I await your news and I warmly embrace you and your family.
Gabriella
One other thing: Since I think it is right that
The New Yorker
should also “dissociate” itself from Spezi and his actions, if you wish, I can explain certain things in an interview, getting you out of the situation into which Spezi has pulled you, that is to say I can demonstrate to the American press your lack of involvement in the “fraud.”
I read the e-mail with disbelief, and finally, for the first time in weeks, I found myself laughing at the absurdity of it all. Could any novelist, even a writer with the
coglioni
of, say, Norman Mailer, have dared invent a character like this woman? I think not.

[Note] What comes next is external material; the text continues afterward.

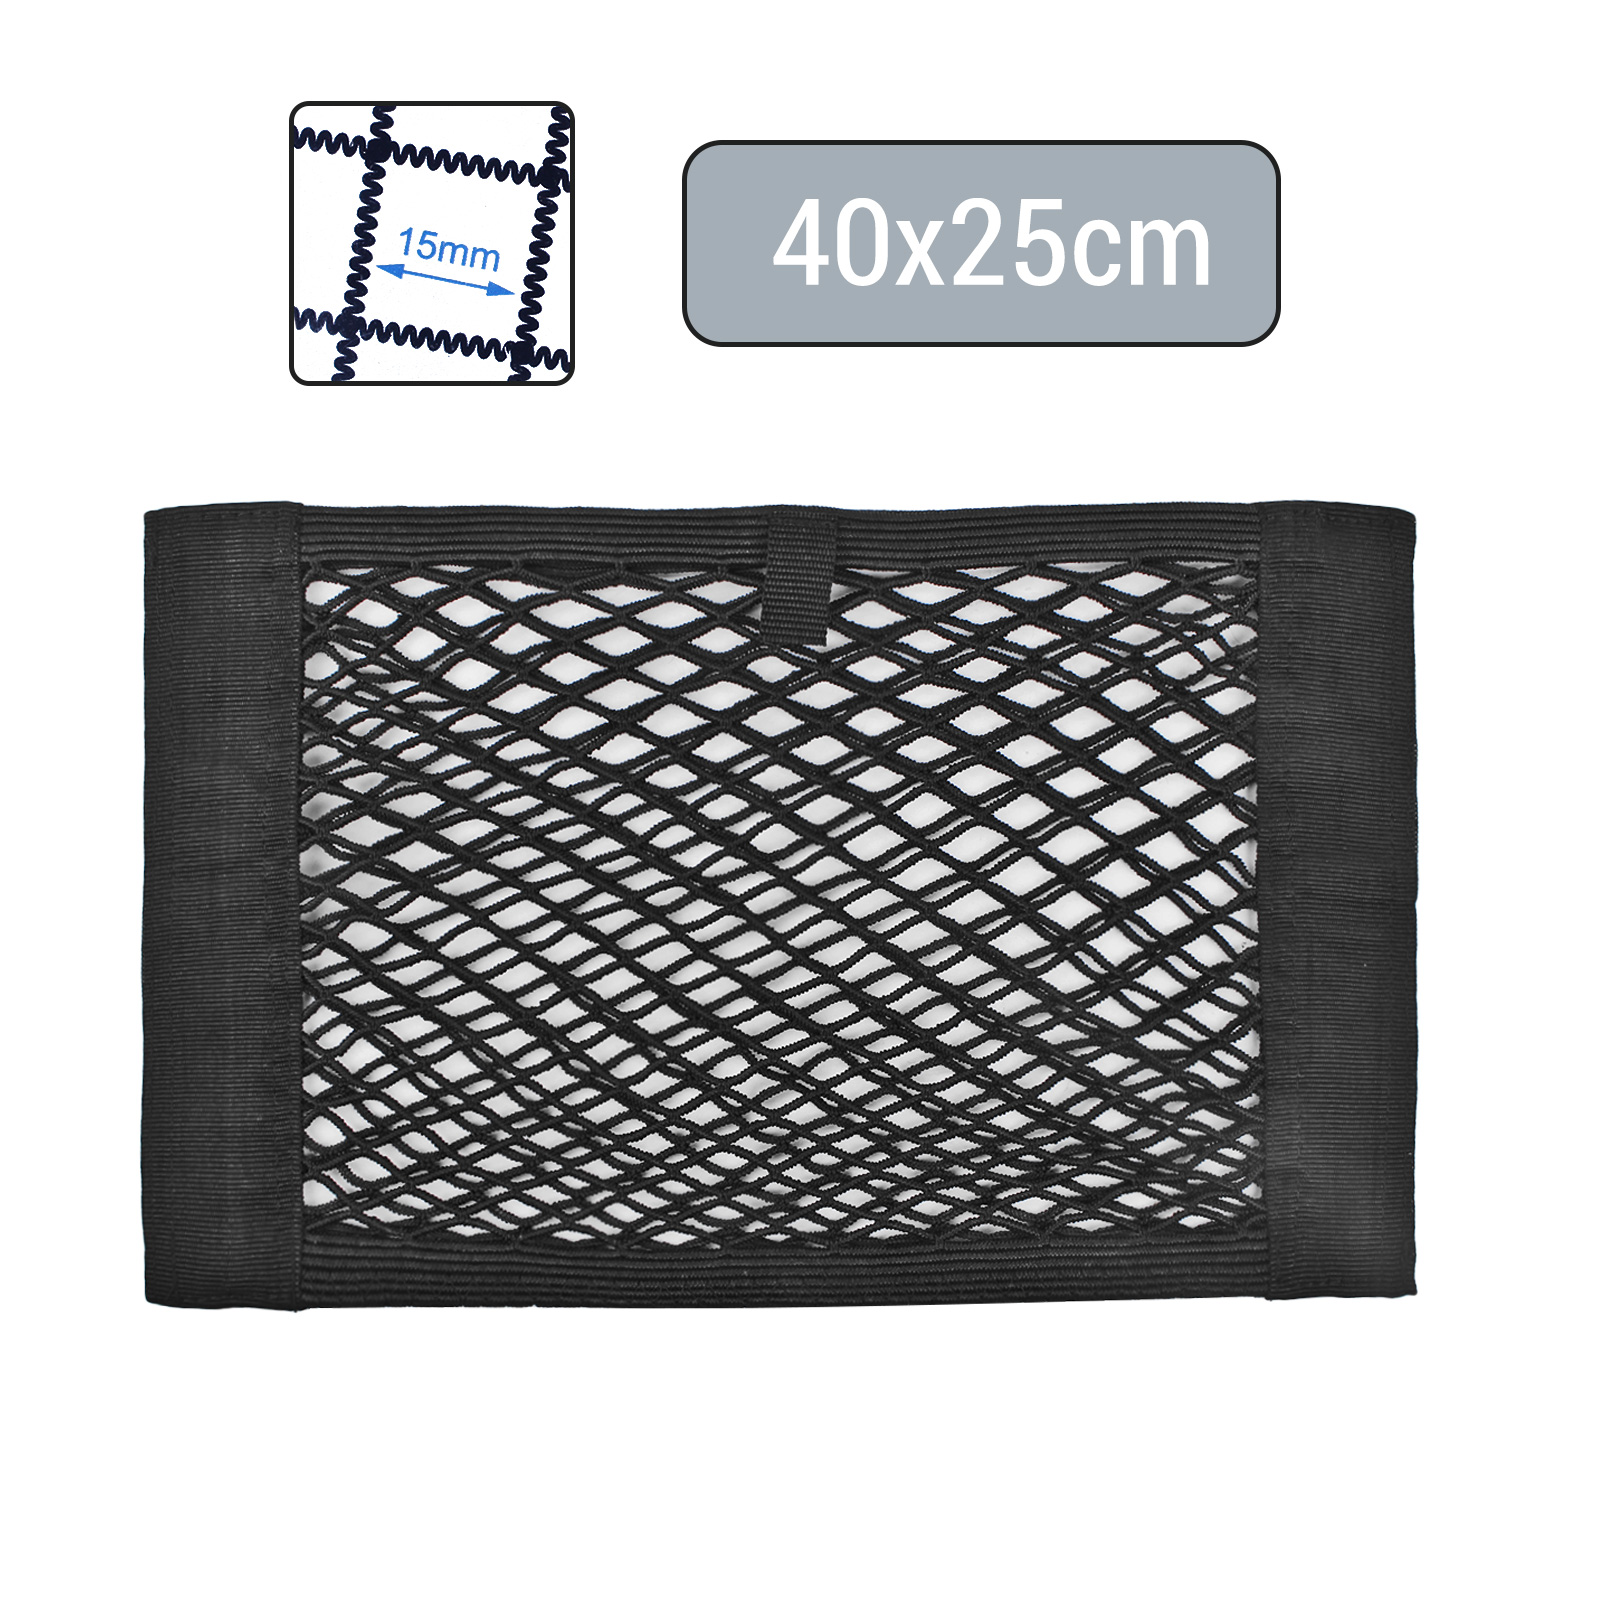 Kofferraumnetz Ablagenetz elastisch 40x25cm Klettbefestigung doppel Netz
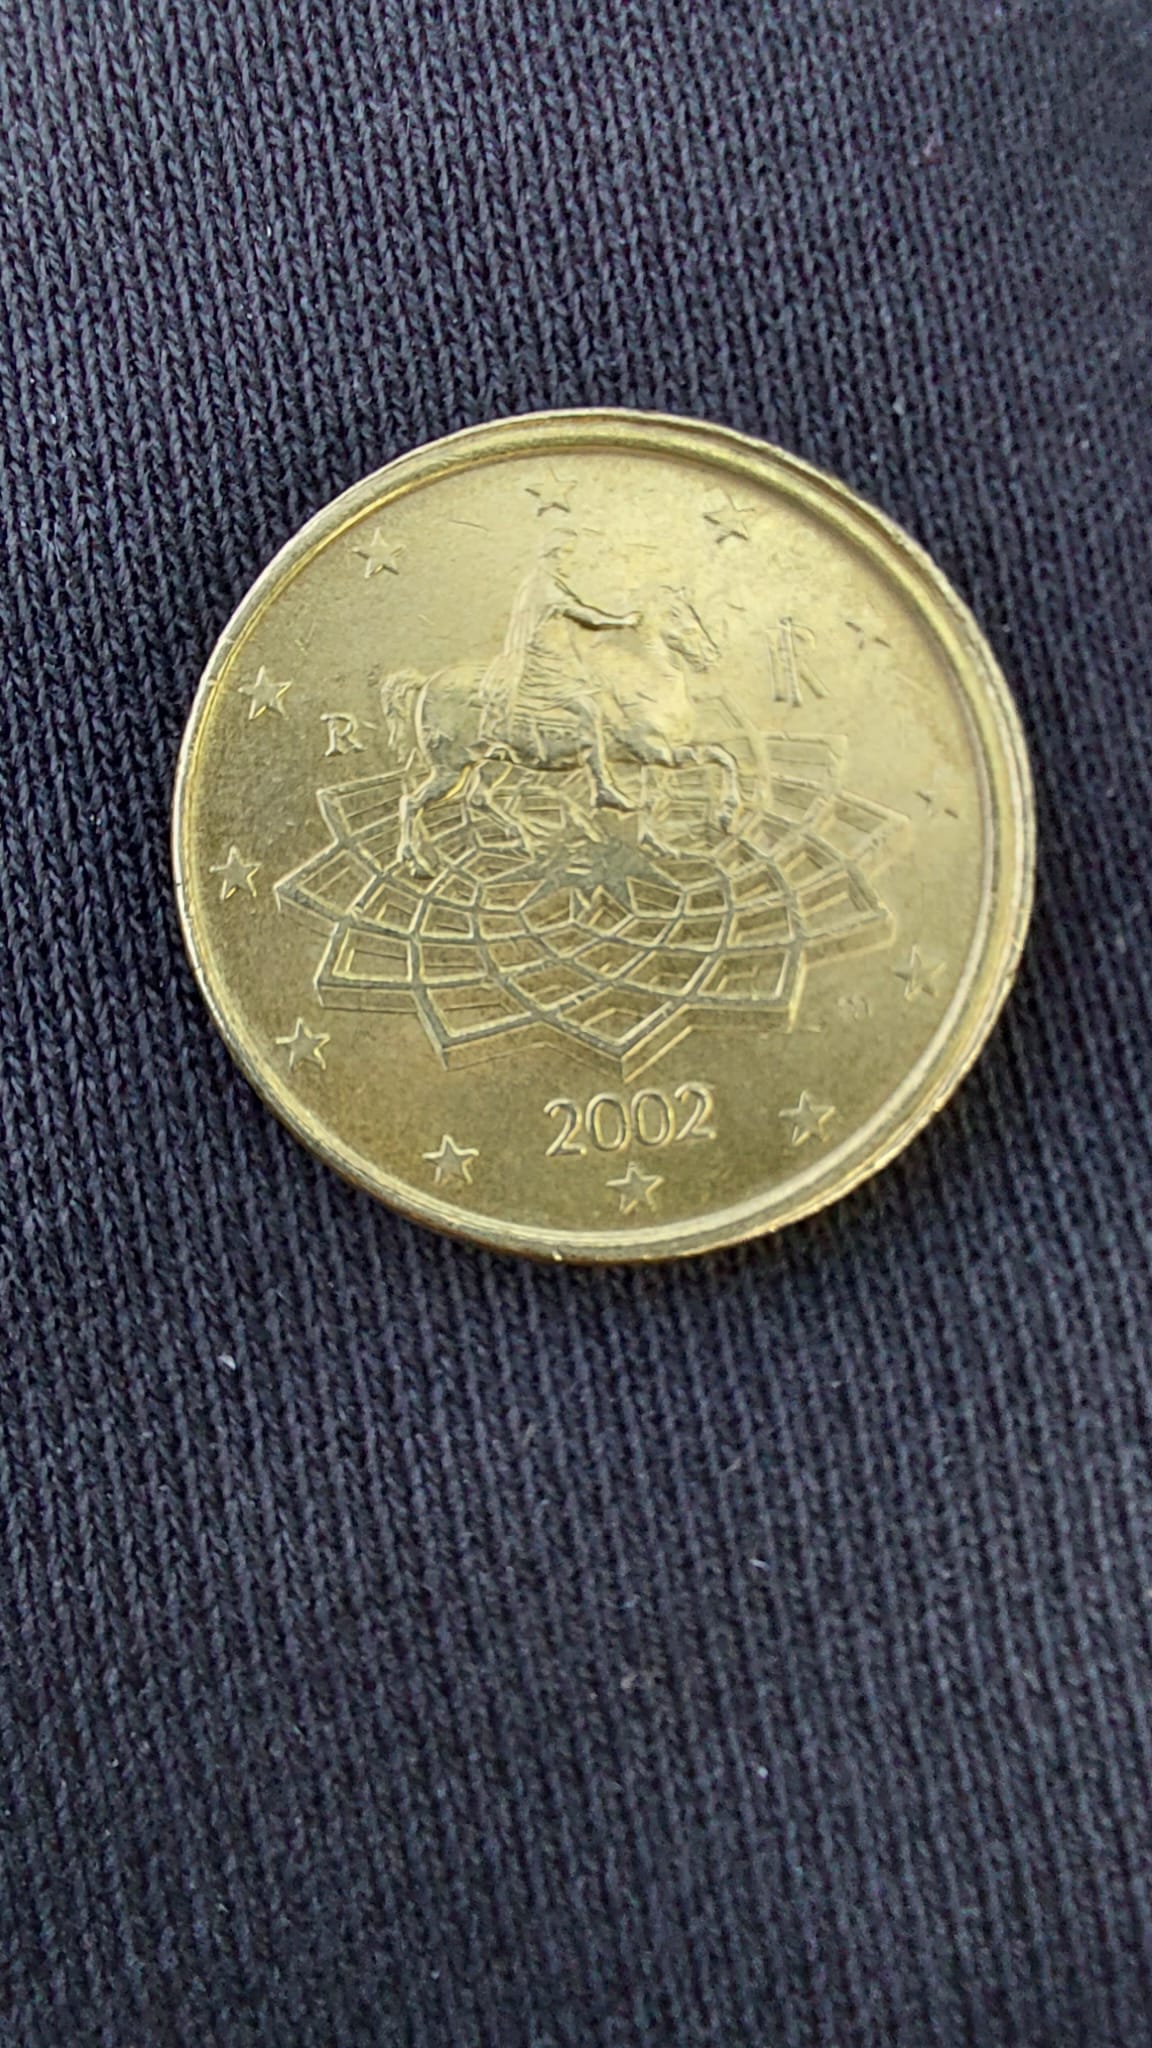 50 Cent Italien 2002 Fehlprägung

April 28, the day of Spezi’s appearance before the Tribunal of Reexamination, approached. I spoke to Myriam on April 27. She was extremely fearful of what might happen at the hearing, and she told me Spezi’s lawyers shared her pessimism. If the judges kept Spezi in preventive detention, he would remain in prison for at least another three months before the next judicial review could take place, and a reversal of his imprisonment would be even more unlikely. The Italian judicial system moves at a glacial pace; the ugly truth was that Spezi could remain in prison for years before his case finally came to trial.
Spezi’s lawyers had learned that Mignini was preparing a full-court press at the hearing to make absolutely sure Spezi wasn’t released. This had become the most visible case the public minister had undertaken in his career. The criticism of him in the national and worldwide press had been scorching and was rising daily. His reputation depended on winning this hearing.
I called Niccolò and asked if he had any predictions on what Mario’s fate would be. He was guarded and pessimistic. “Judges in Italy protect their own” was all he would say.